In any commutative ring of characteristic $p$ we have $(a+b)^p=a^p+b^p$. Therefore, when reduced modulo $p$, $$ \Phi_p((x+1)^p)=\frac{(x+1)^{p^2}-1}{(x+1)^p-1}\equiv\frac{x^{p^2}}{x^p} =x^{p^2-p}. $$ So all but the leading coefficient of $\Phi_p((x+1)^p)$ are divisible by $p$.

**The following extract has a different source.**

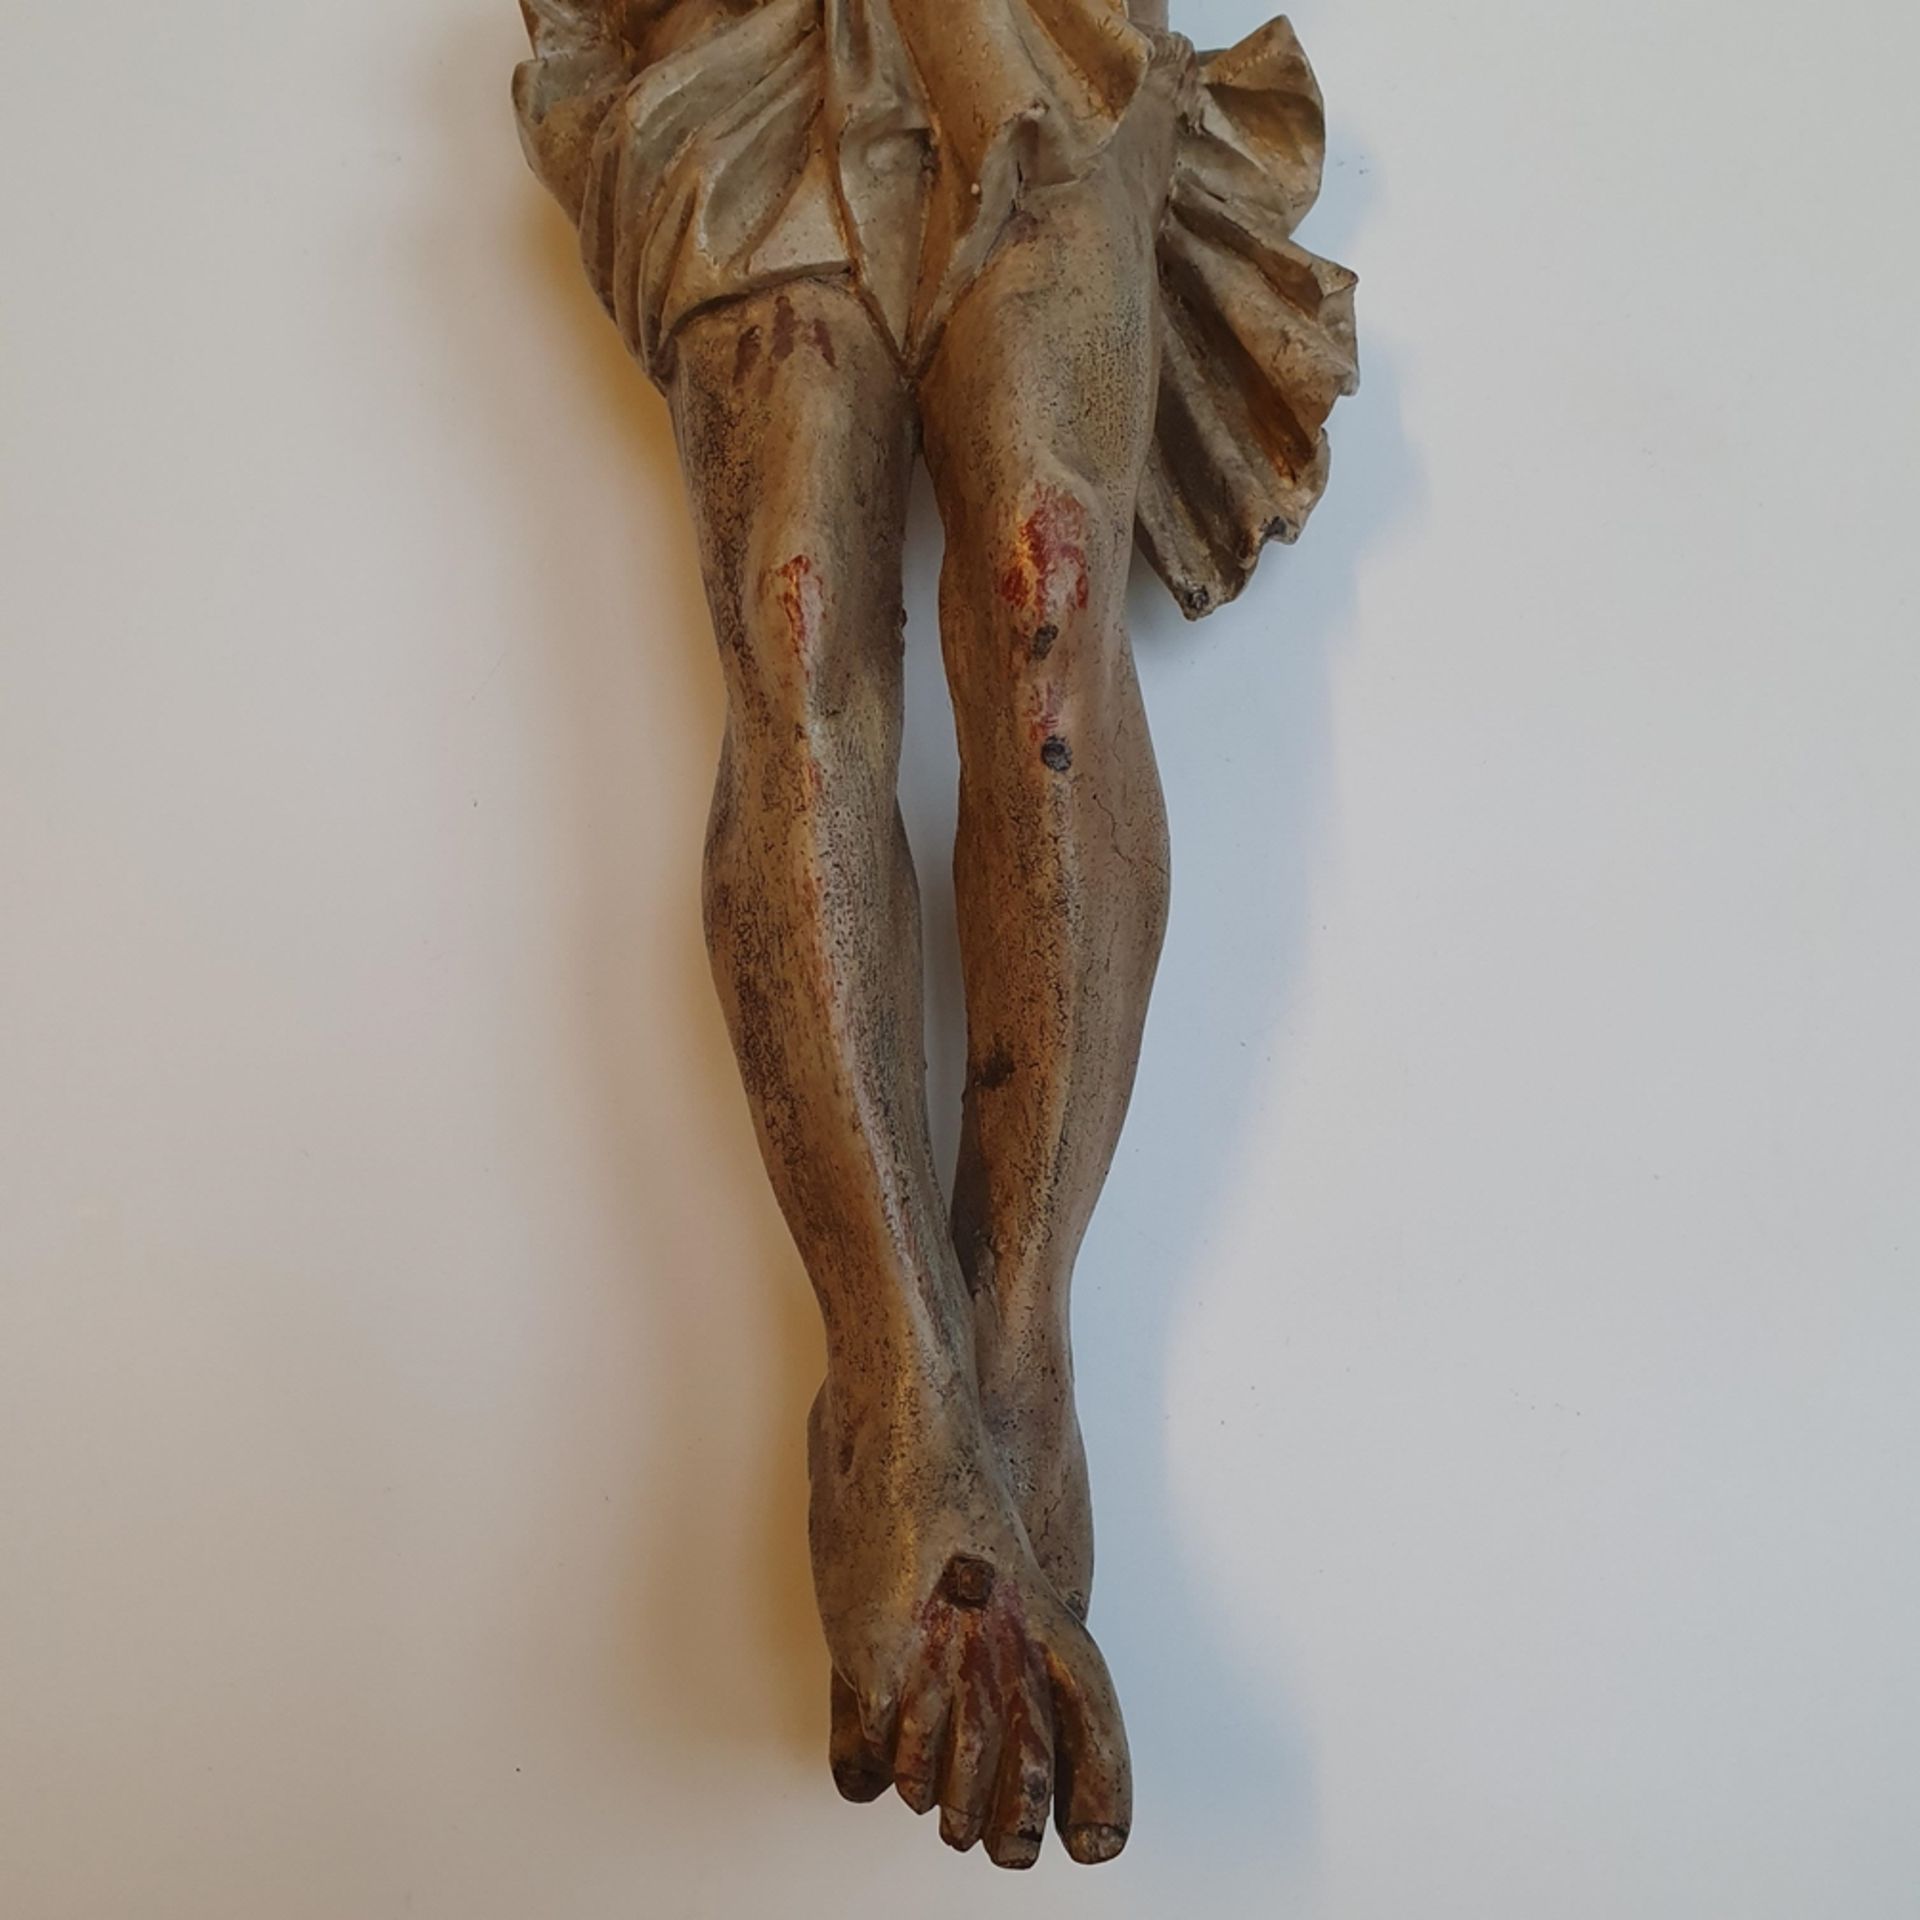 Kruzifix - 19. Jh. oder früher, Holz, vollrund geschnitzt, farbig gefasst, Dars - Image 7 of 13

On the other hand $\Phi_p(1^p)=p$, so the constant term of $\Phi_p((x+1)^p)$ is not divisible by $p^2$. Eisenstein kicks in, and the irreducibility of $\Phi_p(x^p)$ follows.

Answer 2

Well, $ \varphi(p^2) = p(p-1) $, so the $p^2 $-th cyclotomic polynomial is of degree $ p(p-1) $, monic, and it divides $ p(x) = (x^{p^2} - 1)/(x^p - 1) $, since any primitive $ p^2 $-th root of unity remains a root of this polynomial. This means that $ p(x) $ is the cyclotomic polynomial, and it is thus irreducible.

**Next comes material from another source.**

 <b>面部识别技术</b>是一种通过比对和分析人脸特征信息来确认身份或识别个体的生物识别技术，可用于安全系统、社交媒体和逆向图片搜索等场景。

The idea of the transformation $ x \to x+1 $ is that the prime $ p $ totally ramifies in $ \mathbf Q(\zeta_{p^2}) $ as $ (p) = (1 - \zeta_{p^2})^{p(p-1)} $. It is then well-known that the characteristic polynomial of $ 1 - \zeta_{p^2} $ must be Eisenstein at $ p $, since it generates the prime ideal lying above $ p $.

Answer 3

Here’s another way of doing the same thing, very similar to what Jyrki has written:

It’s a little clearer, I think, to show that for $n\ge1$, $\Phi_{p^{n+1}}(X)=(X^{p^{n+1}}-1)\big/(X^{p^n}-1)$ is irreducible. We set $$g(X)=\Phi_p(1+X)=\frac{(1+X)^{\,p}-1}{X}\,,$$ clearly a monic polynomial of degree $p-1$, constant term $p$, all intermediate coefficients divisible by $p$. Now we have \begin{align} \Phi_{p^{n+1}}(X)&=\frac{X^{p^{n+1}}-1}{X^{p^n}-1}\\ \Phi_{p^{n+1}}(1+X)&=\frac{(1+X)^{p^{n+1}}-1}{(1+X)^{p^n}-1}\\ &=g\bigl[(1+X)^{p^n}-1\bigr]\,, \end{align} where what’s getting substituted into $g$ is a polynomial of degree $p^n$ without constant term, and in which all the terms but the highest one are divisible by $p$. That is, the last line can be written $g\bigl[pXh(X)+X^{p^n}\bigr]$, and since $g$ is Eisenstein, so is the last line of the display.